The compositions of the invention may be administered to provide pre-exposure prophylaxis or after a subject has been exposed to a pathogen, such as a virus. The composition may be administered, e.g., 1, 2, 3, 4, 5, 6, 7, 8, 9, 10, 15, 20, 30, 35, 40, 45, 50, 55, or 60 minutes, 2, 4, 6, 10, 15, or 24 hours, 2, 3, 5, or 7 days, 2, 4, 6 or 8 weeks, or even 3, 4, or 6 months pre-exposure, or may be administered to the subject 15-30 minutes or 1, 2, 3, 4, 5, 6, 7, 8, 9, 10, 12, 20, 24, 48, 72 hours, or longer post-exposure to the pathogen (e.g., a viral pathogen).
When treating autoimmune disease or cancer, the compositions of the invention may be administered to the subject either before the occurrence of symptoms or a definitive diagnosis or after diagnosis or symptoms become evident. For example, the composition may be administered, e.g., immediately after diagnosis or the clinical recognition of symptoms or 2, 4, 6, 10, 15, or 24 hours, 2, 3, 5, or 7 days, 2, 4, 6 or 8 weeks, or even 3, 4, or 6 months after diagnosis or detection of symptoms.
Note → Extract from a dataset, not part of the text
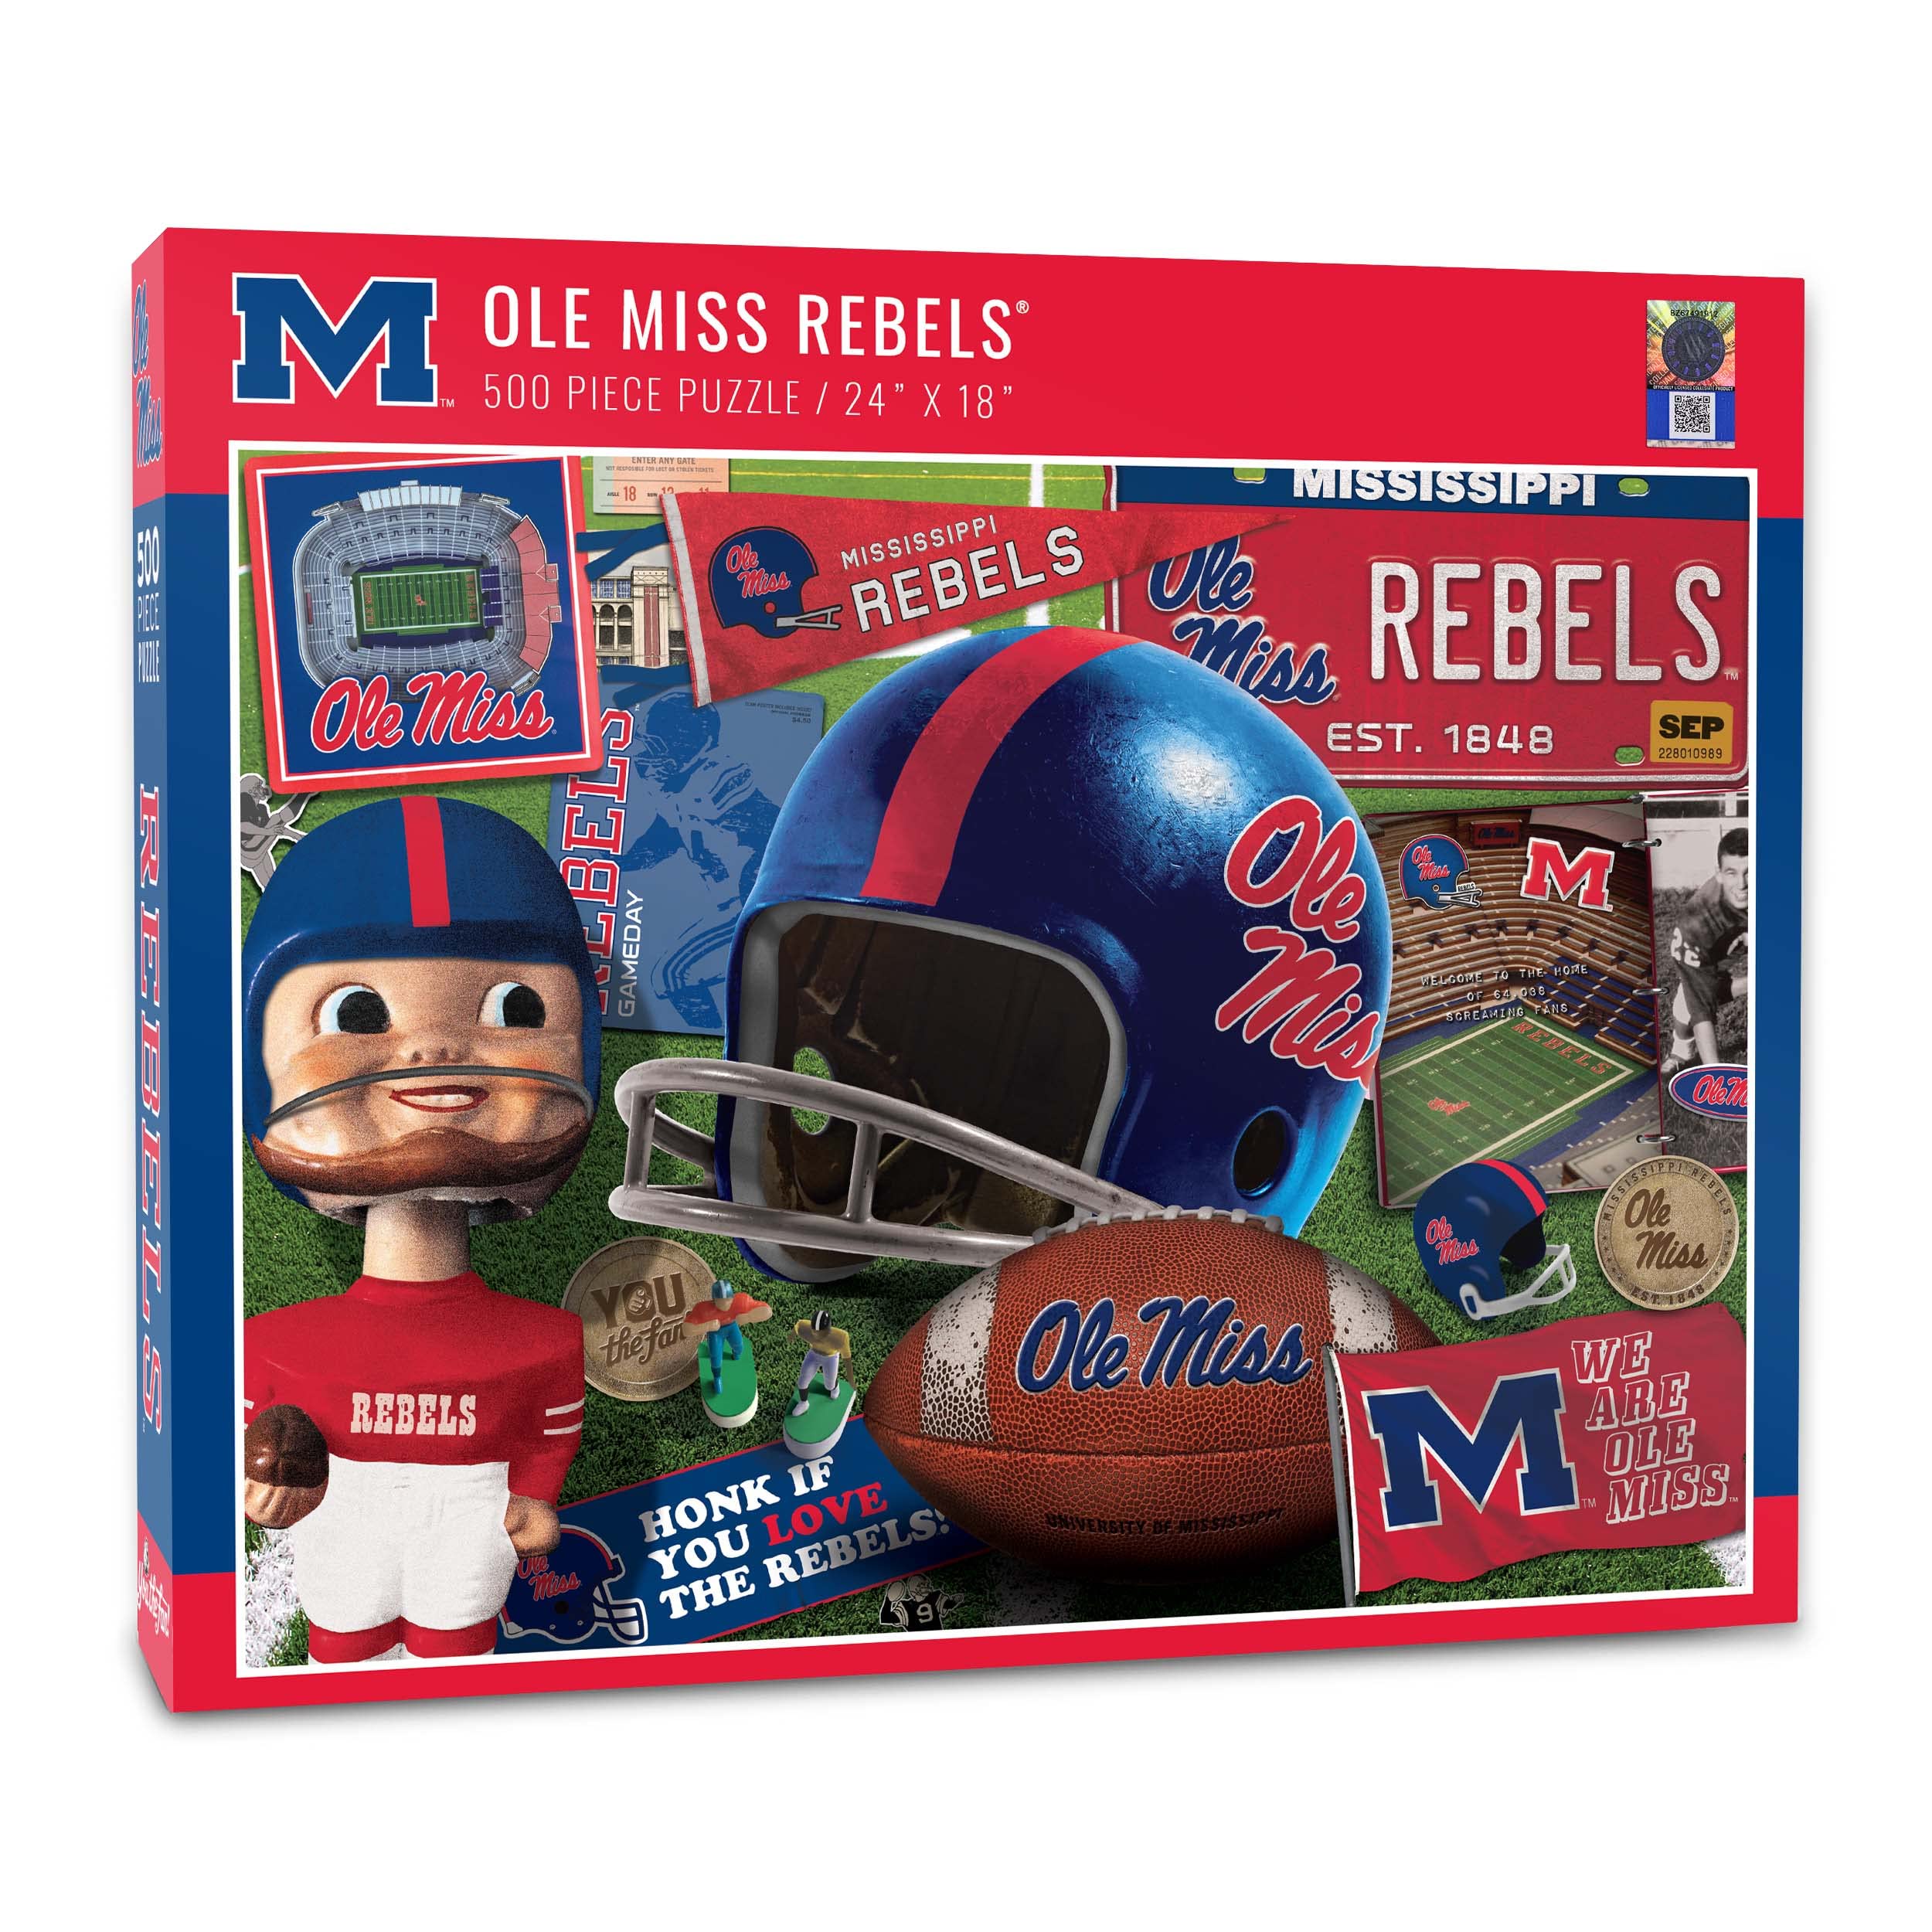 Youthefan Ncaa Mississippi Ole Miss Rebels Retro Series Puzzle - 500 Pieces, Team Colors, Large

The compositions may be sterilized by conventional sterilization techniques, or may be sterile filtered. The resulting aqueous solutions may be packaged for use as is, or lyophilized, the lyophilized preparation may be administered in powder form or combined with a sterile aqueous carrier prior to administration. The pH of the preparations typically will be between 3 and 11, more preferably between 5 and 9 or between 6 and 8, and most preferably between 7 and 8, such as 7 to 7.5. The resulting compositions in solid form may be packaged in multiple single dose units, each containing a fixed amount of the IFN delivery vector (e.g., an Ad5 conIFN-α delivery vector) and, if desired, one or more immunomodulatory agents, such as in a sealed package of tablets or capsules, or in a suitable dry powder inhaler (DPI) capable of administering one or more doses.
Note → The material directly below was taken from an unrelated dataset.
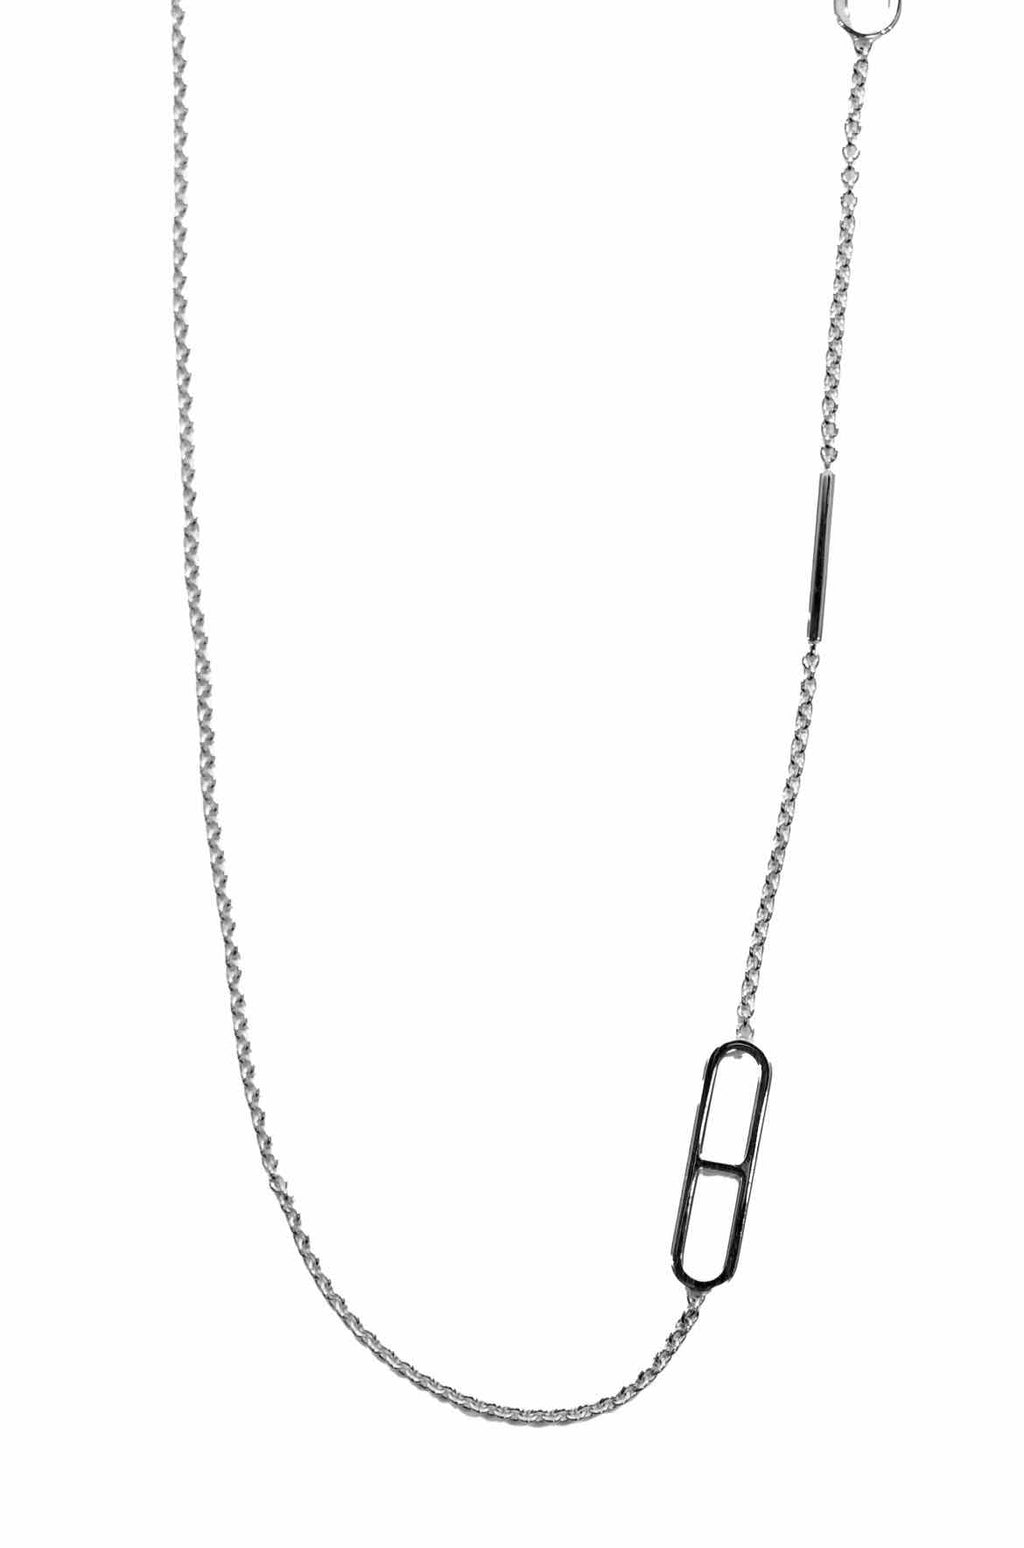 Tioneer Stainless Steel Caduceus Staff of Hermes Engraved Dog Tag Pendant  Necklace - Walmart.com

Nasal or Pulmonary Delivery
There are several benefits of intranasal or pulmonary administration over, e.g., oral, intravascular, or intramuscular administration. In particular, an intranasal or pulmonary administration route is less harsh for an adenoviral vector system. There are fewer proteolytic enzymes present in, e.g., the nasal epithelium and the environment has a more neutral pH (i.e., it is less acidic). Also, the uptake of particles of the viral delivery vector would be more consistent in the nasal or pulmonary mucosa than in the gut where there would be more variation in the content of the intestinal lumen, and thus greater variability in the ability of the vector to transduce/transfect cells in that environment. Moreover, the nasal mucosa is well irrigated, and is thus a permeable mucosal site.
Thus, in an embodiment, the IFN-α delivery vector of the invention, and pharmaceutical compositions containing it, are delivered via an intranasal or pulmonary route in, e.g., lyophilized powder form, in an aerosolized liquid form, or in a gel form. These routes of administration avoid recognition of, e.g., the Ad5 vector by the host immune system, thereby bypassing any pre-existing immunity the host may have. In addition, intranasal and pulmonary delivery allow for easy administration in the event of the need for mass distribution.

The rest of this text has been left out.